Comparative Analysis of Mouse CSF Proteins in Experimental Autoimmune Encephalomyelitis Model and Cuprizone-Induced Demyelination Model by Olink Proteomics

Multiple sclerosis (MS) is marked by an autoimmune-driven inflammatory response within the central nervous system (CNS), resulting in demyelination and associated neurological impairment. To investigate the pathways involved in MS-related neuroinflammation, we performed cerebrospinal fluid (CSF) proteomic profiling (Olink®) across two murine models, i.e., the experimental autoimmune encephalomyelitis (EAE) and the cuprizone (CPZ)-induced demyelination models. Out of the 92 proteins analyzed, five (CCL2, CCL3, EDA2R, Fas, and HGF) were consistently dysregulated in both models, highlighting shared neuroinflammatory features alongside distinct pathological processes.
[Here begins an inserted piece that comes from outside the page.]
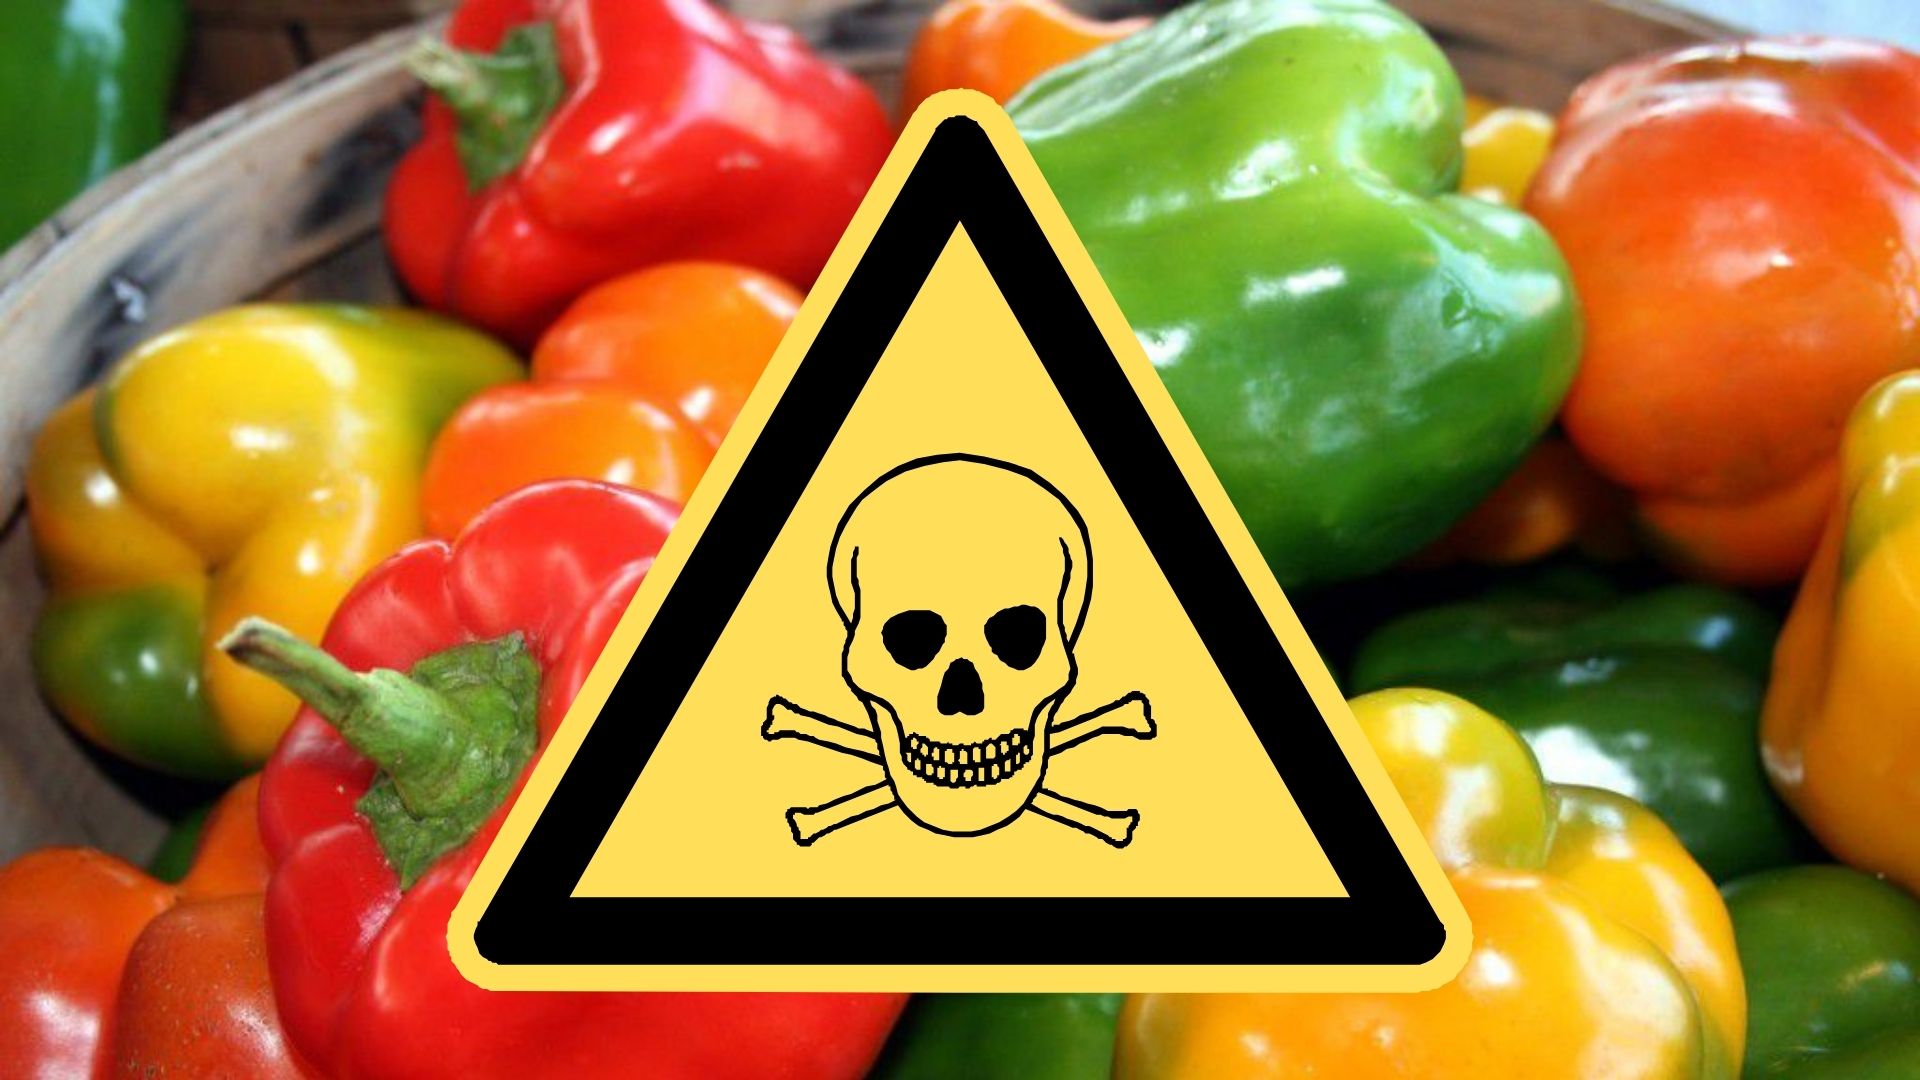 Poisonous bell peppers were brought to Ukraine. It contains an excessive concentration of insecticide and acaricide - formethanate.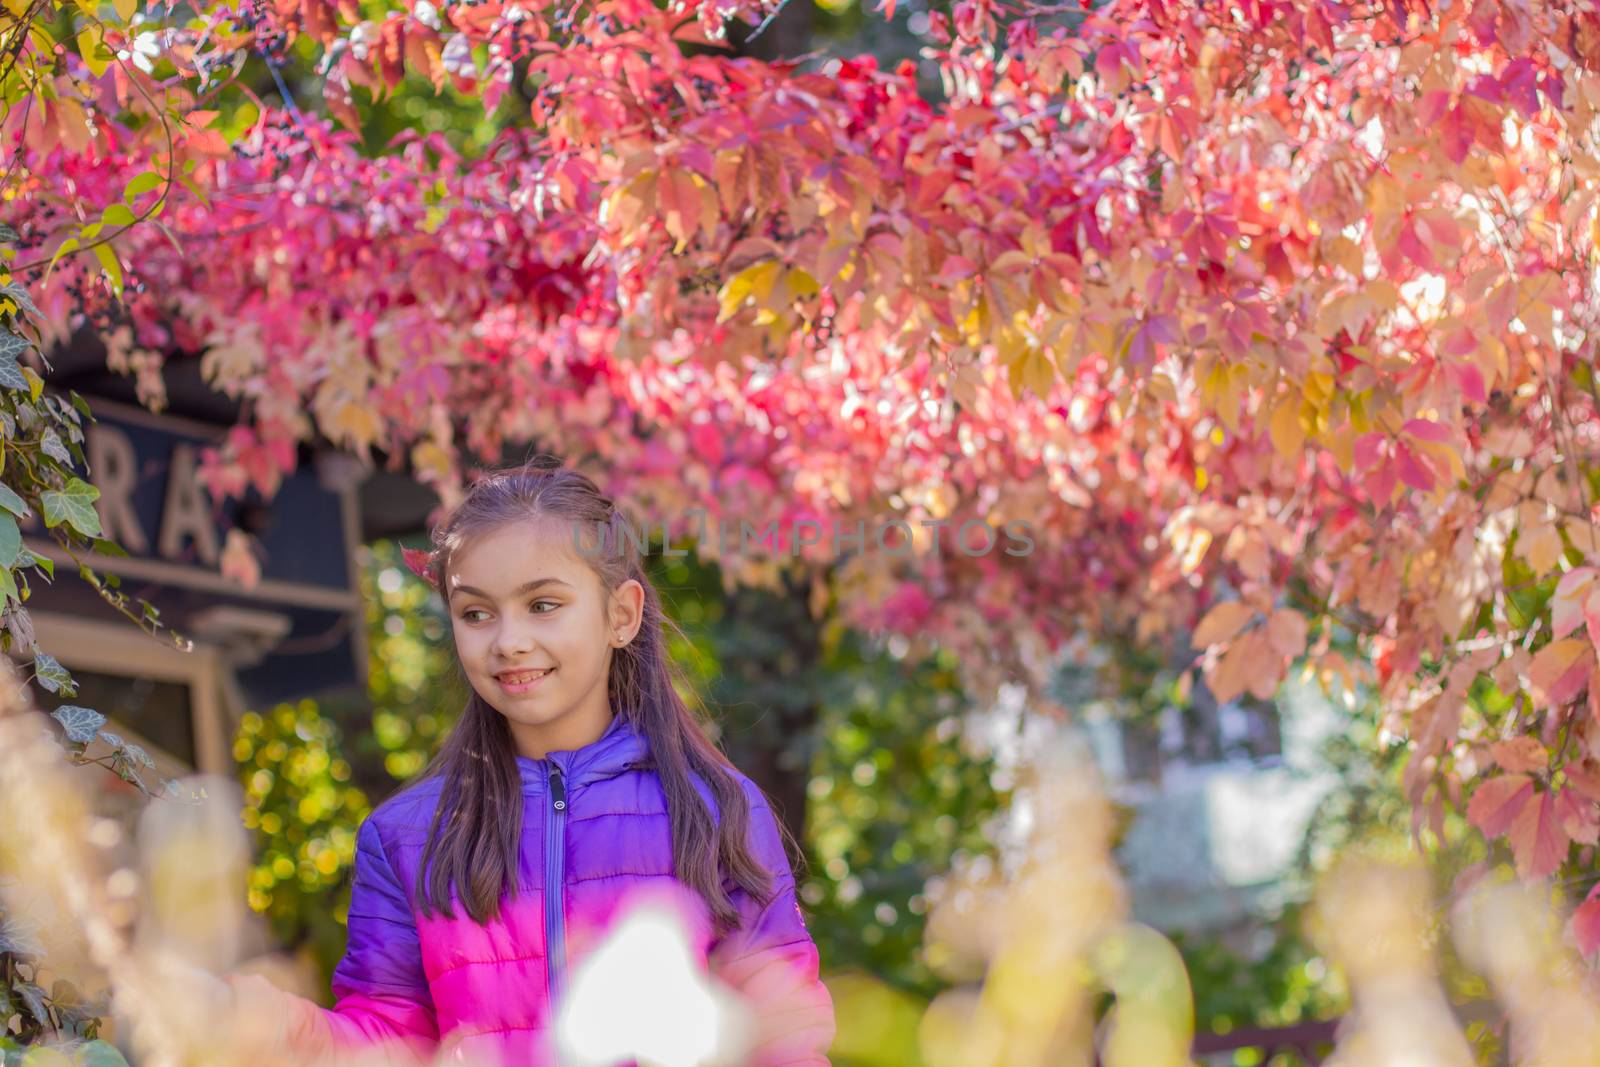 Smiling girl among red leaves by Angel_a

In the EAE model, 31 proteins were upregulated compared to CPZ-intoxicated mice and controls and were mainly related to T cell development, effector functions and migration, reflecting the model’s lymphocyte-centric nature. In contrast, the CPZ model showed a downregulation of a single protein, SEZ6L2, when compared to both EAE and controls. These findings emphasize the divergent protein profiles of CSF in EAE and CPZ models and underscore the different inflammatory pathways engaged in distinct pathophysiological mechanisms of MS.